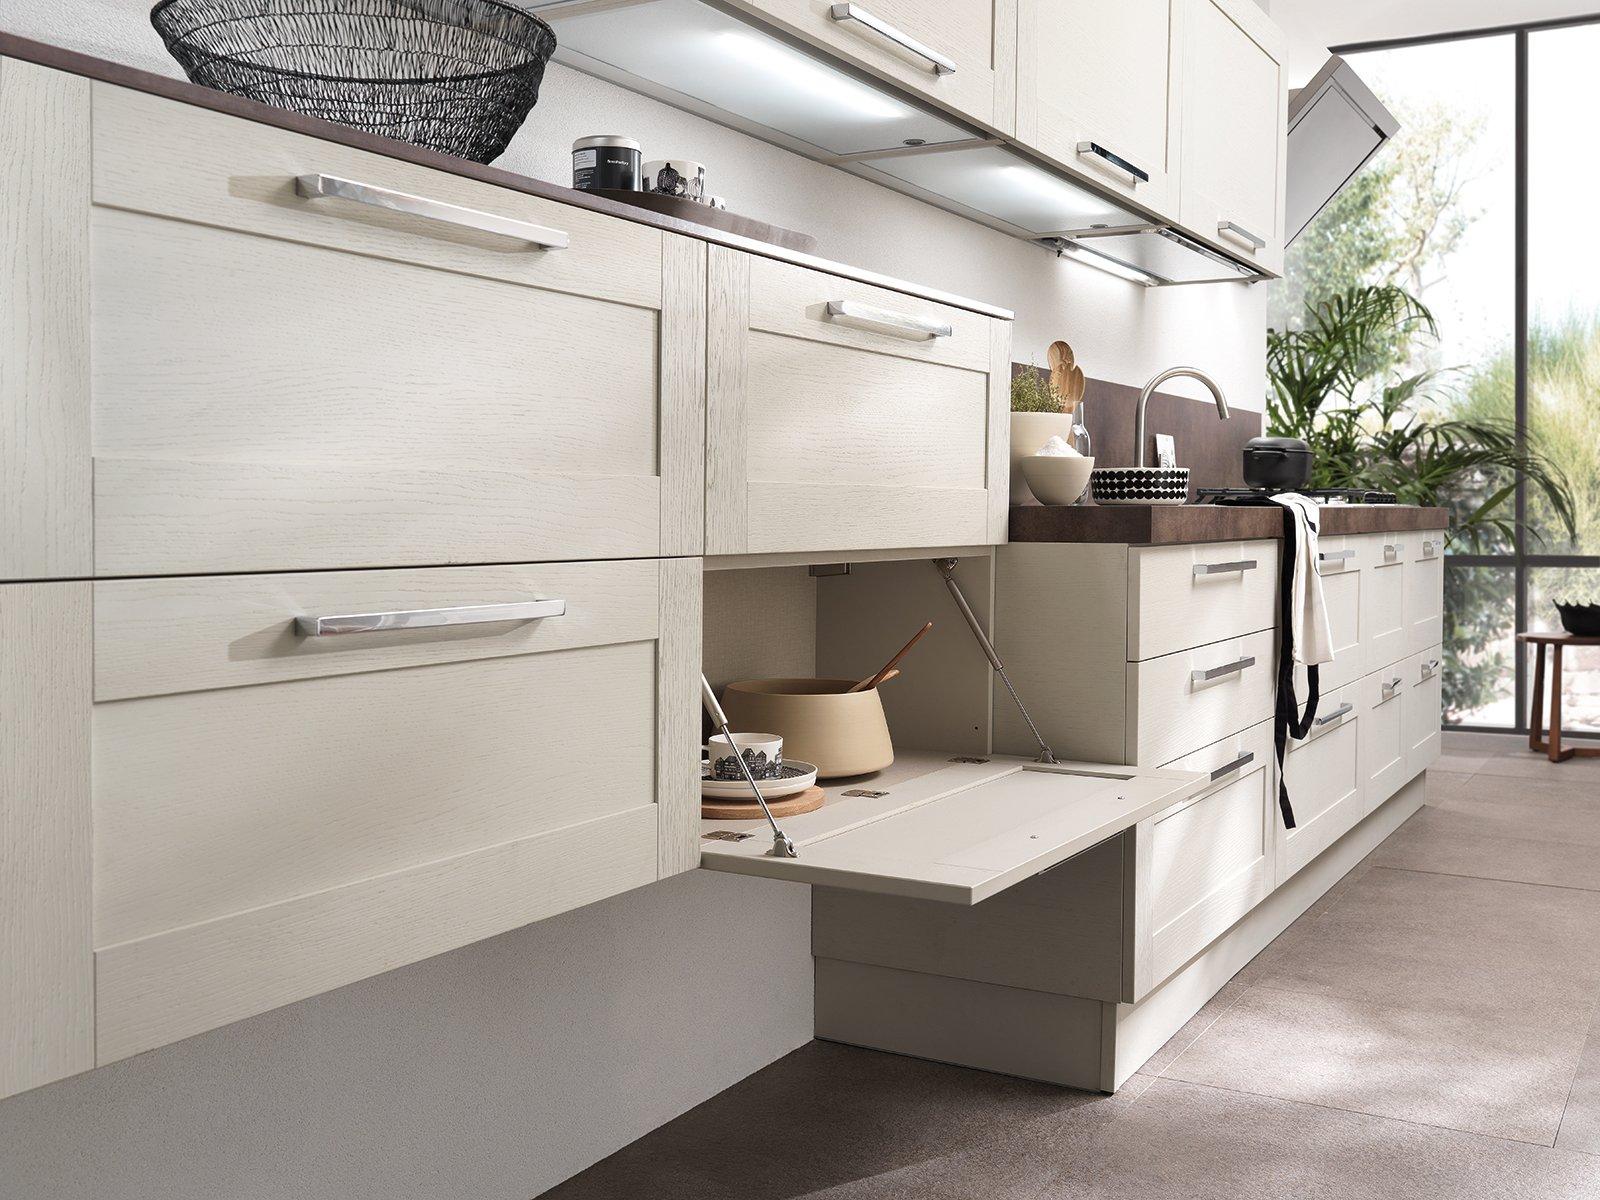 Stunning Cucina Bambini Scavolini Contemporary - Home Interior ...
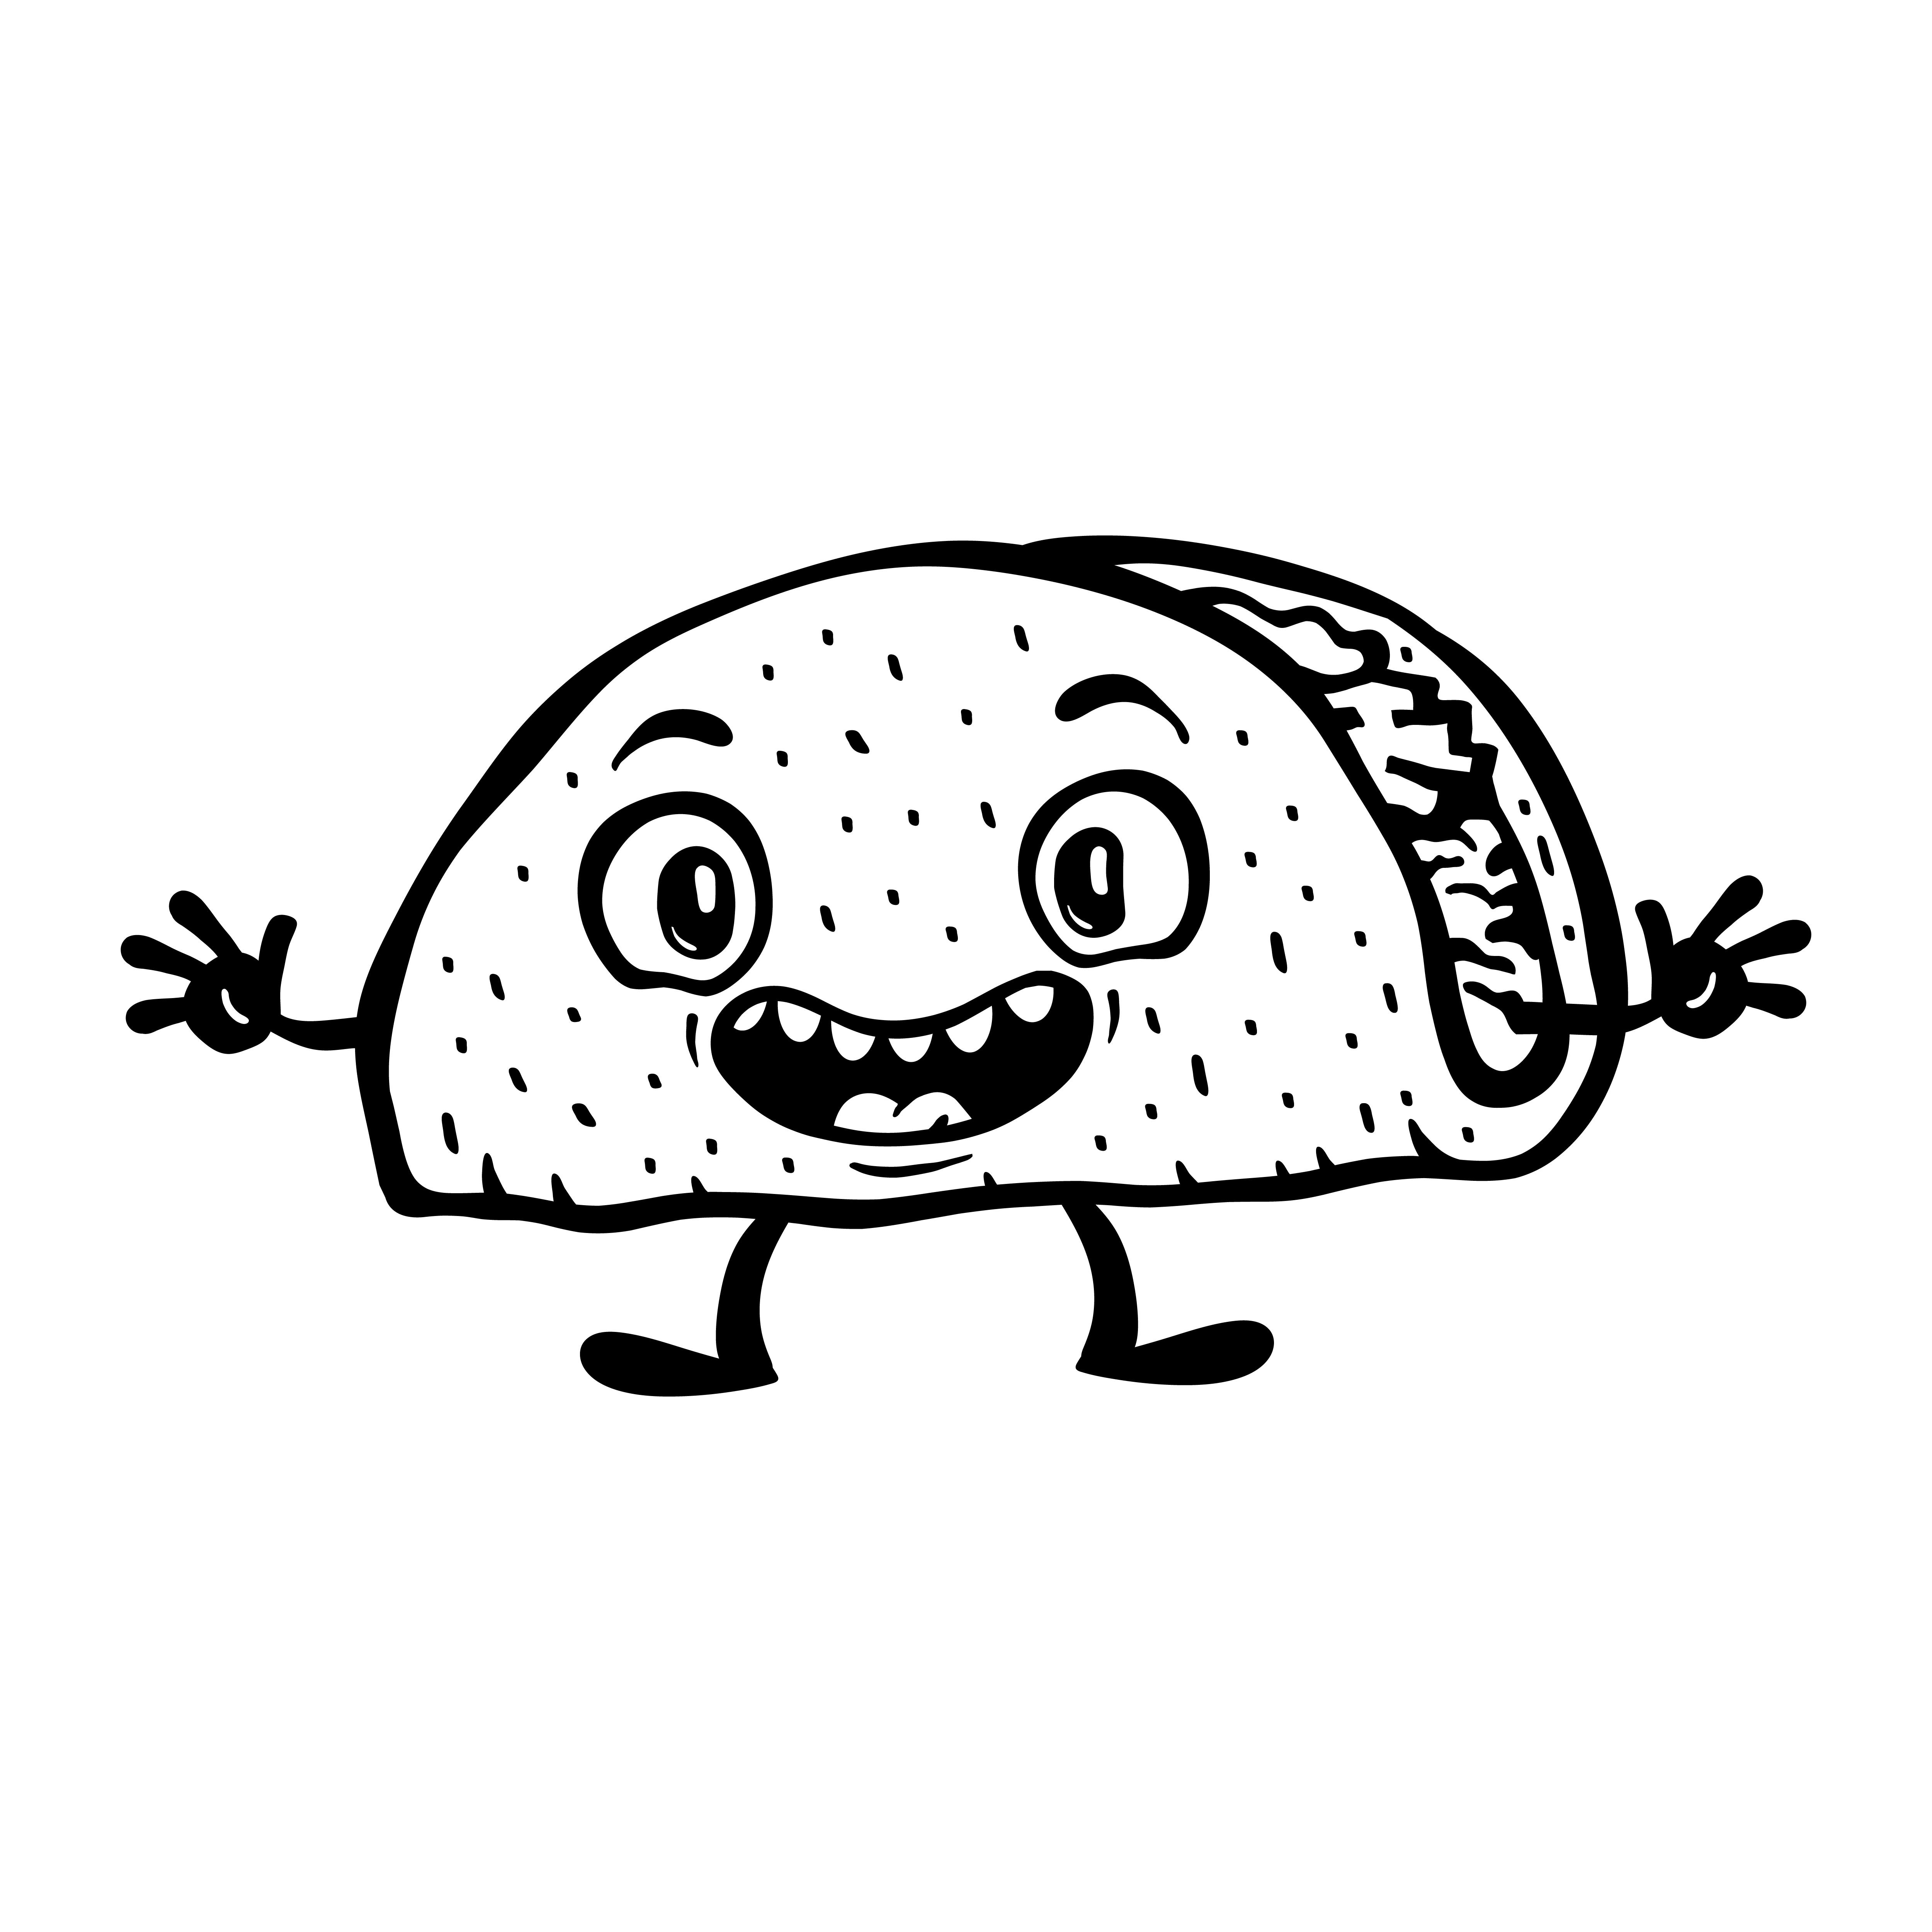 Cute Funny Cartoon Taco Vector Illustration
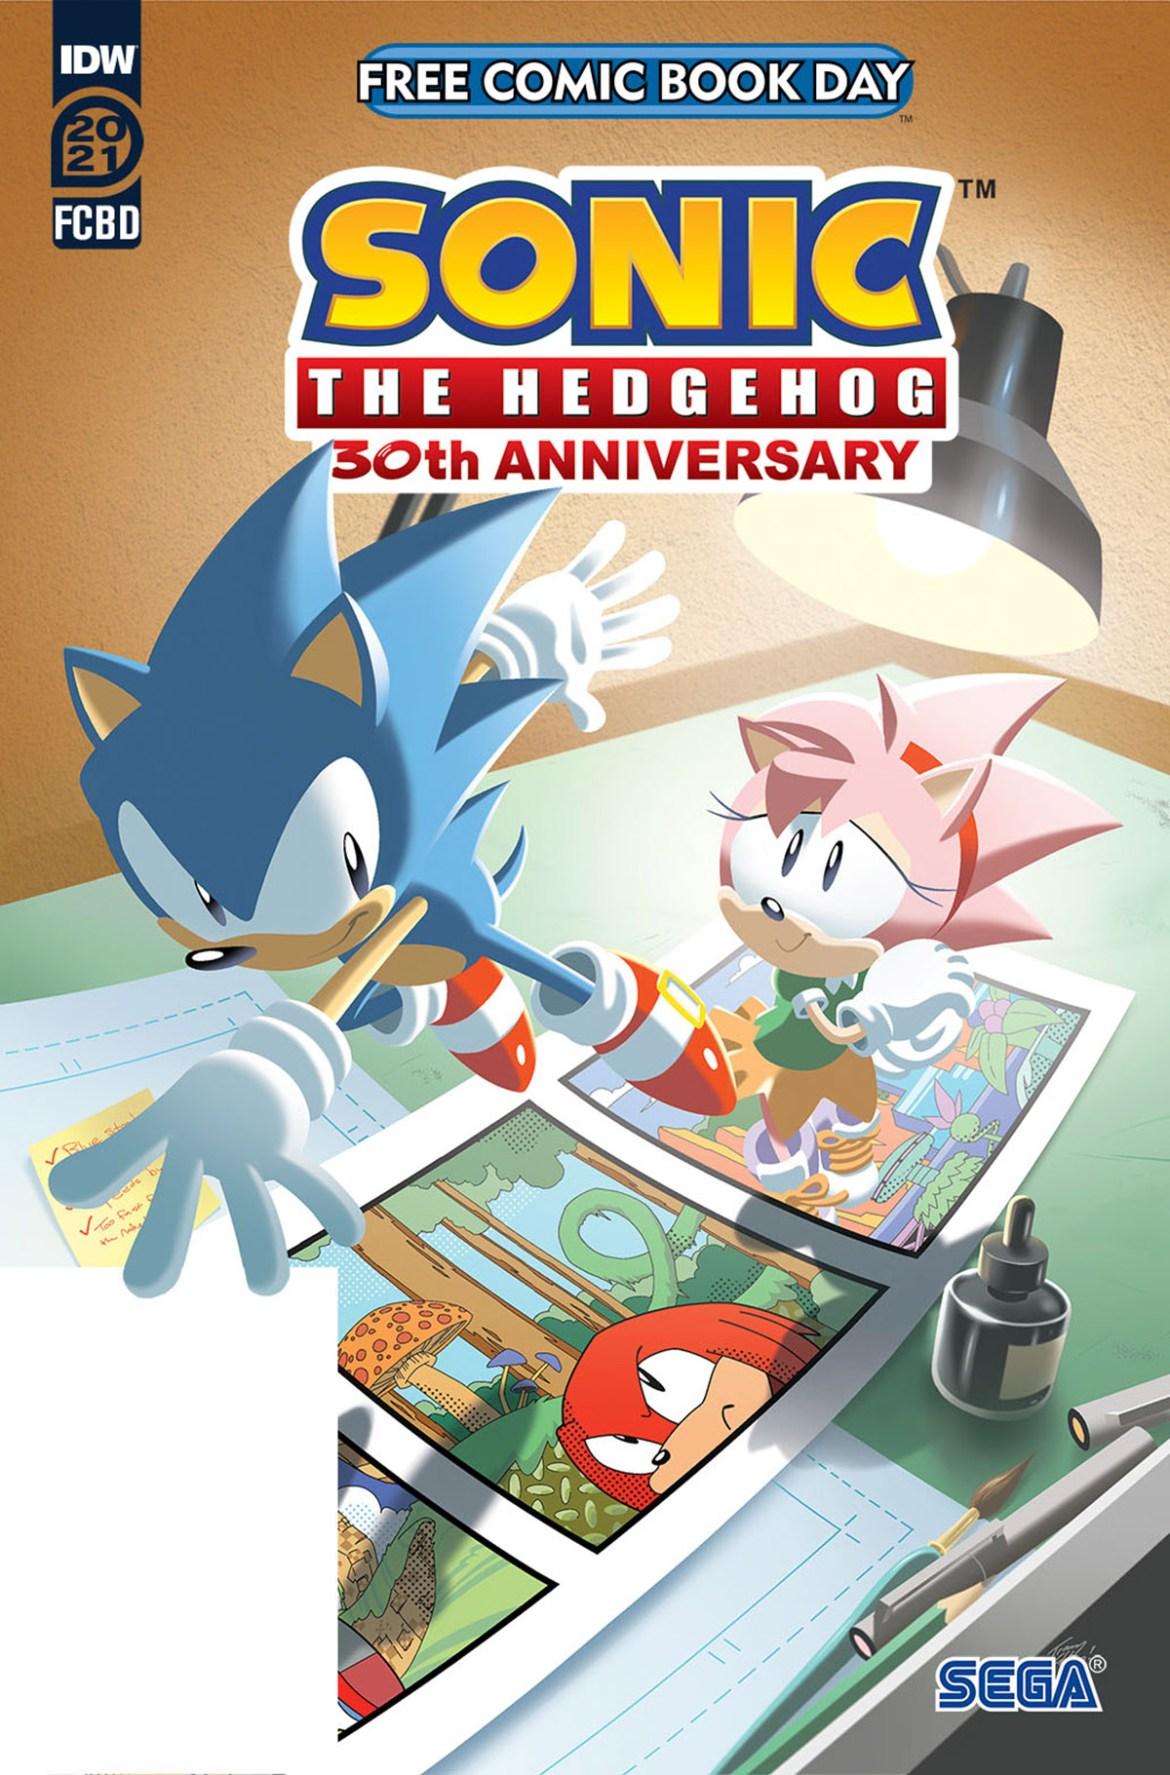 FCBD21_SILVER_IDW_Sonic-30th-Anniversary Complete Free Comic Book Day 2021 comic book line-up announced

→ **Problem details**
The material above is to be transcribed exactly, with all pictures omitted.

→ **Task answer**
 Stunning Cucina Bambini Scavolini Contemporary - Home Interior ...
 Cute Funny Cartoon Taco Vector Illustration
 FCBD21_SILVER_IDW_Sonic-30th-Anniversary Complete Free Comic Book Day 2021 comic book line-up announced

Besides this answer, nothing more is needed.